Kelly pulled up a chair and sat down.

“You’re way too close to Quinn and his client. What makes you think that information was safe to share? Why would you tell a victim’s relative anything about the suspect before we had a chance to cross the t’s and dot the i’s?”

“I told him because he deserved to know that we had found his brother’s gold chain. He’s very much part of what’s happening, and he needed to know about Lee and Gray. Quinn’s appeal on TV started the ball rolling, and—”

“And we’re left picking up the pieces. Did you know that Harry Salinger was declared legally insane?”

Madison moved back a fraction of an inch. A smudge of dirt and a slick of blood on Salinger’s shirt that night in the woods. “I didn’t know.”

“Yup, three separate independent experts—not that we needed them to tell us, by the way.”

Kelly let Madison absorb the news, then continued.

“Do you have any idea how fast the whole of Quinn, Locke is working to get John Cameron out of jail? And what do you think will happen when your pet serial killer is out on the street, fresh from incarceration, eager to get busy on the last surviving member of the gang who took him and beat his friend to death? What I don’t understand is whether you’re painfully naïve or simply too arrogant to follow police procedure.”

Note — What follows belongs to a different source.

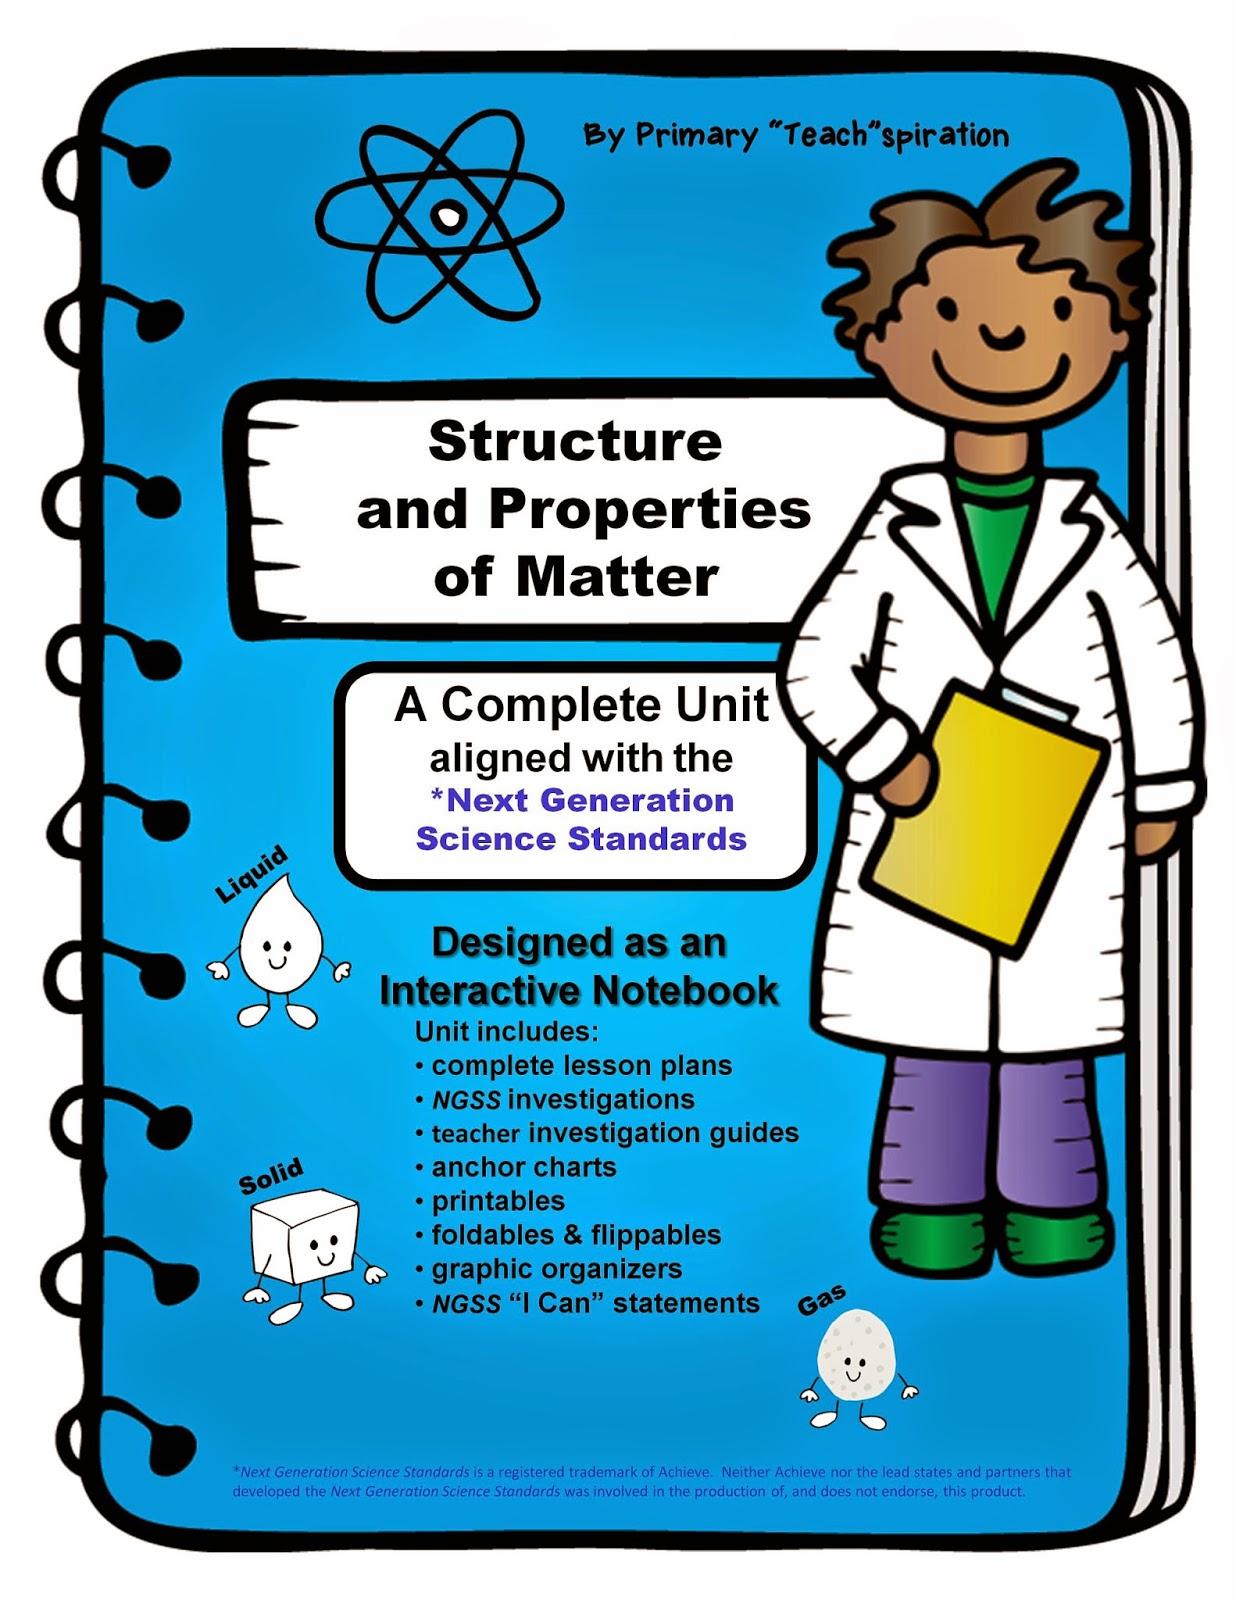 http://www.teacherspayteachers.com/Product/Matter-Next-Generation-Science-Interactive-Notebook-A-Complete-Unit-1129687

“Quinn needed to know, and the break-in at his home proved that point. He doesn’t know Vincent Foley’s name or where he was. I told him he was in a psychiatric institution and had been since 1985, and that’s all. And John Cameron is many things—most of them unfathomable to me—and I deal with him sensibly and cautiously, because that’s better than not dealing with him at all. Foley is not the last surviving person who was in the forest. Cameron was there, too, and I have to be able to speak with him about the case.”

“He will go after Foley the minute he’s on the street again, and we’ll be looking back at the good old days when all we had to protect him from was Conway’s crew.” Kelly stood. “You will screw this up. Sooner or later. And it will be measured in body bags.”

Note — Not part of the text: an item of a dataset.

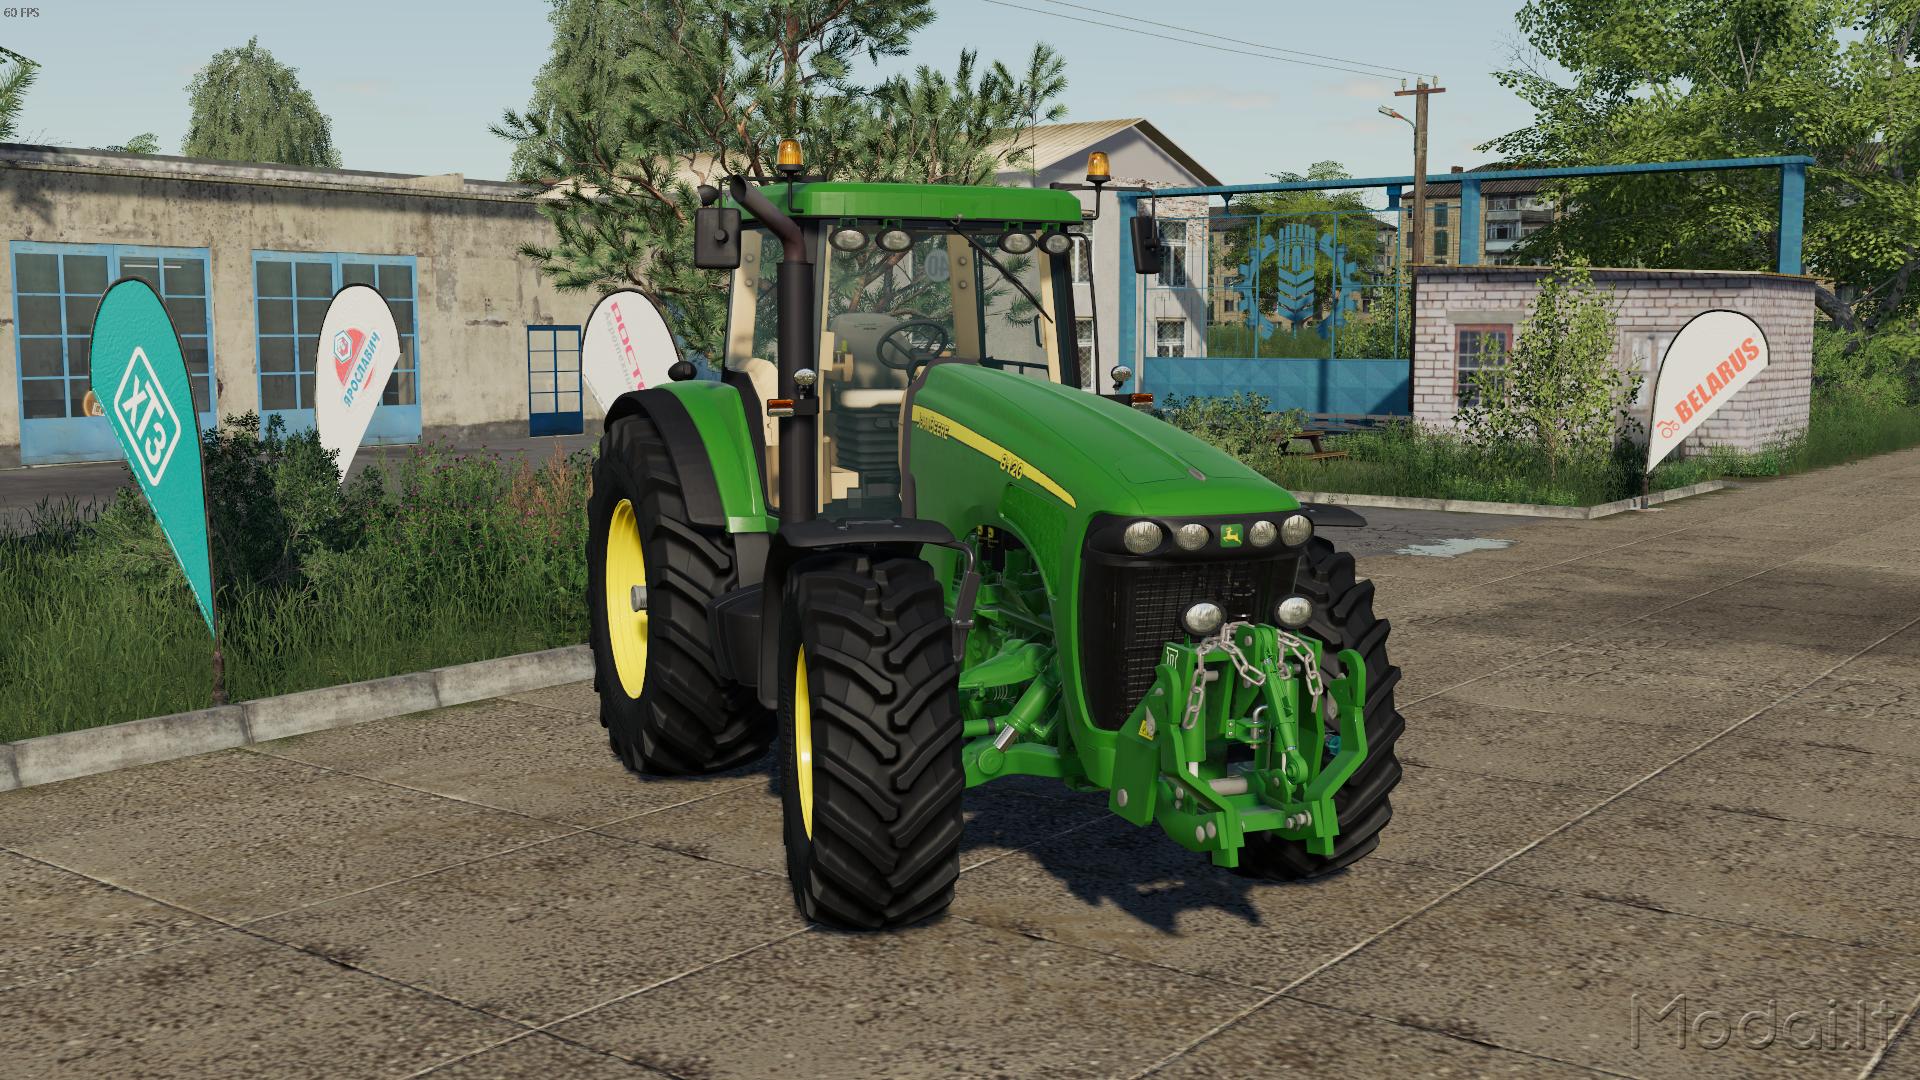 JOHN DEERE 8020 SERIES V1 0 » Modai lt - Farming simulator

Madison let him have the last word, and he returned to his desk. No one else had heard the exchange, and she felt like punching a hole through a wall. She had to get busy and do something to cool off: traffic cams, reports, witness testimonies. There must be something that could engage her and keep her from letting Kelly’s words soak into her mind. Madison picked up the tapes from Traffic and checked the location/time tags. Still, the thin, dark voice spoke to her and whispered that Kelly was right, and, when it came down to it, body bags were the only measurement that mattered.


A black Subaru Outback had been picked up by three traffic cameras in quick sequence. At that precise time the only other options were a white pickup, a motorbike, a delivery van, and a supermarket-chain truck. The light reflecting off the windshield made it impossible to see who was sitting inside, but it had to be the Subaru. The car had a squeaky clean Oregon plate, and, given that that type of vehicle was one of the most common in Washington State, it was bound to be almost invisible.

Madison thought back: had she noticed a black Subaru on the grounds last night? No, she hadn’t, and uniformed officers had not been posted at the gates until later.

Dunne was in charge of tracking the car as far as possible using Automated License Plate Recognition technology. It was a standard tool, and Madison hoped for a quick result and a call to the Special Weapons and Tactics unit to be on standby.

In the meantime they still had Jerome McMullen, counting down to his parole date, and Leon Kendrick, sunning himself in California. Madison started reading: their files were inches thick and full of ugly. She felt a wave of tiredness wash over her, and she left the detectives’ room. She washed her face in the restroom, and her footsteps found the way to the outside of the building for a few moments of fresh air. The connections were there if only they could see them. The trail was there, ready to be found. That word trail made her think of Vincent Foley and his drawings. The trail is the wall, indeed, Vincent, she thought. Just give us a break, will ya?